Enron juga tidak sembarang mau merekrut tenaga kerja, biasanya yang akan direkrut adalah para
lulusan terbaik dari universitas ternama di Amerika Serikat. Ini bukan hal sulit karena saat itu
Enron merupakan cita-cita sebagian besar mahasiswa. Bahkan saking bergengsinya status jadi
pegawai Enron, di Universitas Harvard yang top banget itu, Enron menjadi salah satu bidang
studi yang dipelajari di kampus.

Rupanya Enron sang raksasa tersebut tiba-tiba jatuh berdemum ke tanah akibat terkuaknya
penipuan alias fraud yang dilakukan oleh pihak dalam Enron sendiri dan frima akunting Arthur
Andersen yang ditunjuk sebagai auditor. Beberapa anak perusahaan Enron terutama yang di luar
negeri mulai merugi. Namun untuk tetap menjaga reputasi serta tentunya harga saham, beberapa
eksekutif yang mengetahui soal kerugian tersebut melakukan kongkalikong dengan fihak auditor
yang ditunjuk yaitu Arthur Andersen agar membuat laporan keuangan yang tetap terlihat hebat.

Kecurangan yang dilakukan Enron tidak disitu saja, beberapa pihak yang mengetahui rahasia
keborokan Enron malah melakukan kejahatan kedua yaitu insider trading. Pada Agustus tahun
2000 harga saham yang saat itu telah mencapai US$ 90 per lembarnya, beberapa oknum yang
tergolong dalam eksekutif perusahaan itu mulai menjual saham-saham yang mereka miliki
karena tahu sebentar lagi Enron akan kolaps. Mereka juga mengatakan pada para investor jika
saham Enron bakal terus meningkat hingga kisaran US$ 120 – US$ 130 per lembarnya. Tapi
pada kenyataannya justru harga saham Enron ini malah makin melemah, pada awalnya para
investor masih percaya kalau Enron akan bangkit kembali. Sebetulnya beberapa pihak sudah
mulai mencium ketidakberesan dalam tubuh Enron tapi peristiwa serangan 11 September
membuat perhatian orang jadi teralih.

Lama-lama kebusukan Enron terungkap juga. Fakta mulai tersingkap ketika laporan tahunan
kuarter 3 tahun 2001 diumumkan. Kerugian tidak dapat ditutup-tutupi lagi dan otomatis harga
saham Enron makin terpuruk hingga menghujam ke level 50 cents saja atau sedollarpun tak
sampai. Pada akhir tahun 2001 Enron dinyatakan bankrut, ini disebut-sebut sebagai
kebangkrutan terbesar dalam sejarah korporasi se Amerika Serikat. Tentu saja sekitar 22 ribu
pegawainya di seluruh dunia menjadi mendadak jadi pengangguran.

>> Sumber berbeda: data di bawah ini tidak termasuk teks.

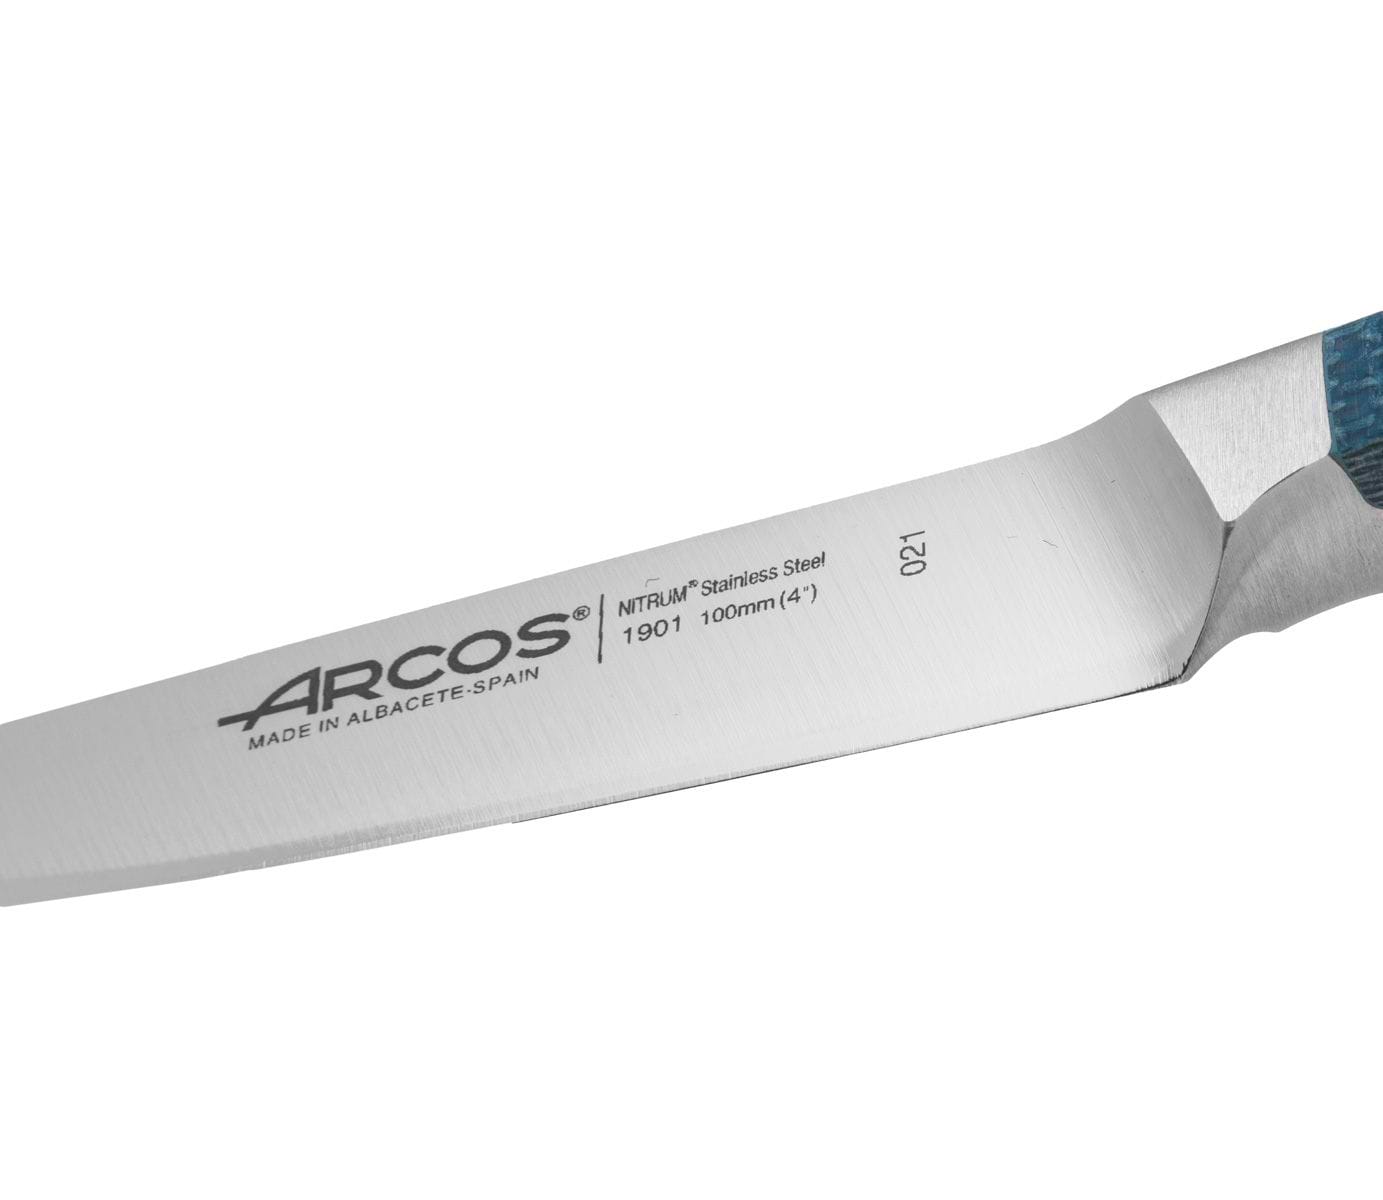 NKD Arcos pairing knife : r/chefknives

Enron benar-benar seperti raksasa abad sebelumnya yaitu Titanic yang di klaim sebagai kapal
penumpang terbesar yang pernah dibuat manusia akhirnya harus karam dan menewaskan ribuan
penumpangnya. Begitu pula Enron yang harus karam hingga ke dasar kebangkrutan dan
meningalkan ribuan pegawainya menjadi pengangguran baru. Dari kasus Enron inilah aku
bercermin kalau sebetulnya tidak ada tempat yang benar aman selama kita tetap menjadi seorang
karyawan. Bukan berarti juga kita harus jadi pengusaha semua tapi paling tidak kita punya
rencana cadangan seandainya hal terburuk menimpa kita.